As you have read in these pages, Joe Arpaio through his attorney, has filed a motion to disqualify federal district judge G. Murray Snow, in the racial profiling case of Melendres v. Arpaio. The motion, “Motion for Recusal or Disqualification of District Court Judge G. Murray Snow,” invokes two federal statutes: 28 USC § 455 and 28 USC § 144. You can read about those in my article, Sheriff Joe cries “uncle”!
Invoking § 144 is a problem. Here is the statute:
Whenever a party to any proceeding in a district court makes and files a timely and sufficient affidavit that the judge before whom the matter is pending has a personal bias or prejudice either against him or in favor of any adverse party, such judge shall proceed no further therein, but another judge shall be assigned to hear such proceeding.

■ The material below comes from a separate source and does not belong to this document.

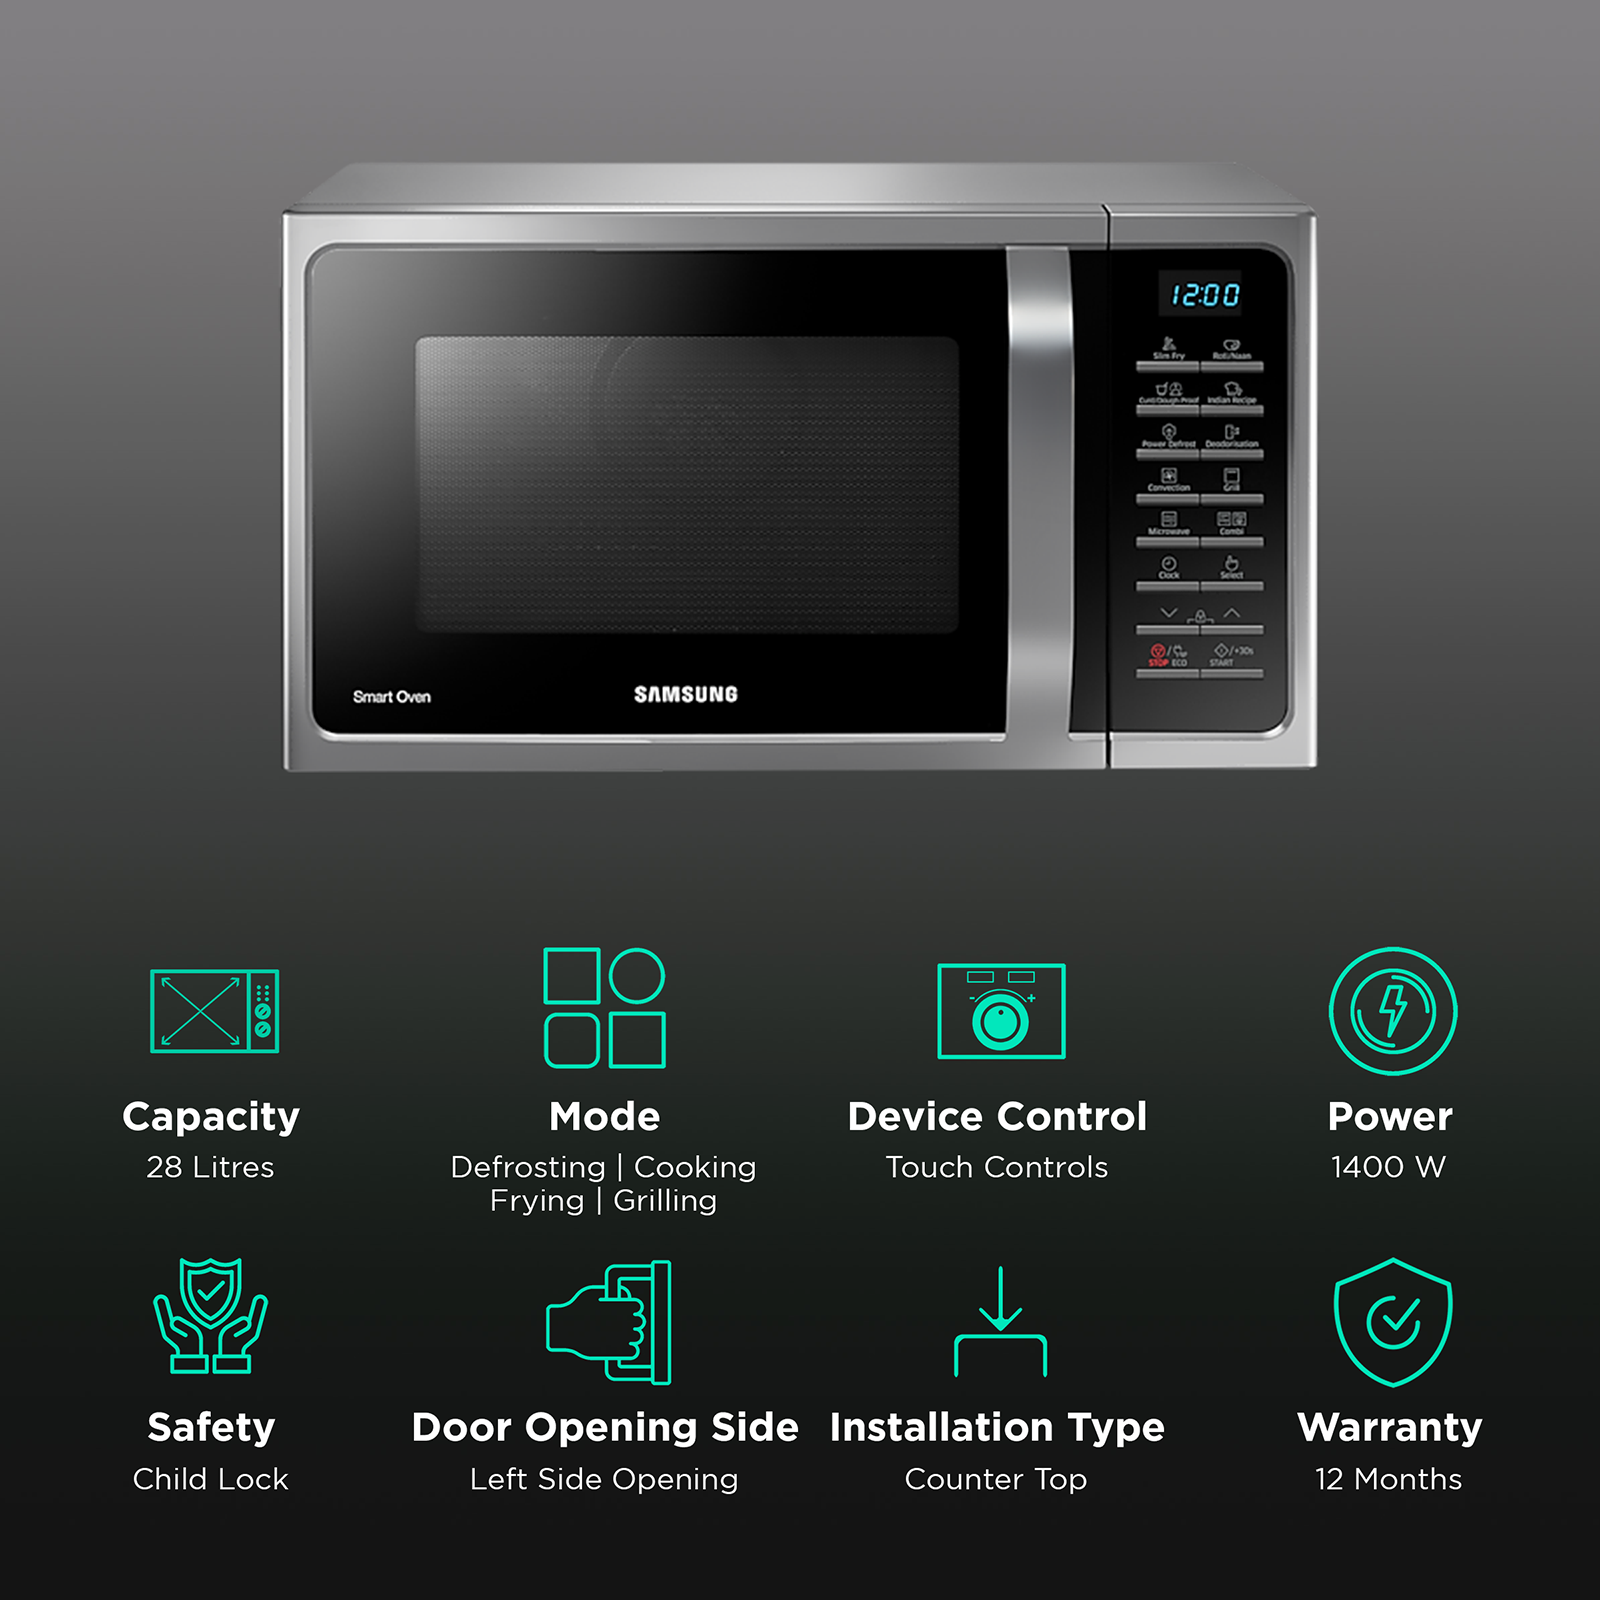 Buy Samsung 28 Litre Convection Microwave Oven (MC28A5033CK/TL

The affidavit shall state the facts and the reasons for the belief that bias or prejudice exists, and shall be filed not less than ten days before the beginning of the term at which the proceeding is to be heard, or good cause shall be shown for failure to file it within such time. A party may file only one such affidavit in any case. It shall be accompanied by a certificate of counsel of record stating that it is made in good faith.
Note the highlighted portion: “A party may file only one such affidavit in any case.” The problem is that this not the first § 144 motion filed by Arpaio in this case. Let’s set the Wayback machine a thousand documents or so back in the Melendres docket to February 23, 2009, when the Melendres case was under a different judge, U.S. District Judge Mary Murguia. Arpaio filed a motion for recusal then:
Defendants Joseph M. Arpaio, Maricopa County, and the Maricopa County Sheriff’s Office, pursuant to 28 U.S.C. § 144 and 28 U.S.C. § 455, and also pursuant to Rule 83.5, Local Rules for the United States District Court for the District of Arizona, respectfully submit this Motion for Recusal.
That’s why the current judge is someone without a Latino surname, G. Murray Snow. Filing TWICE under 28 USC § 144 appears to this writer to be a huge legal blunder.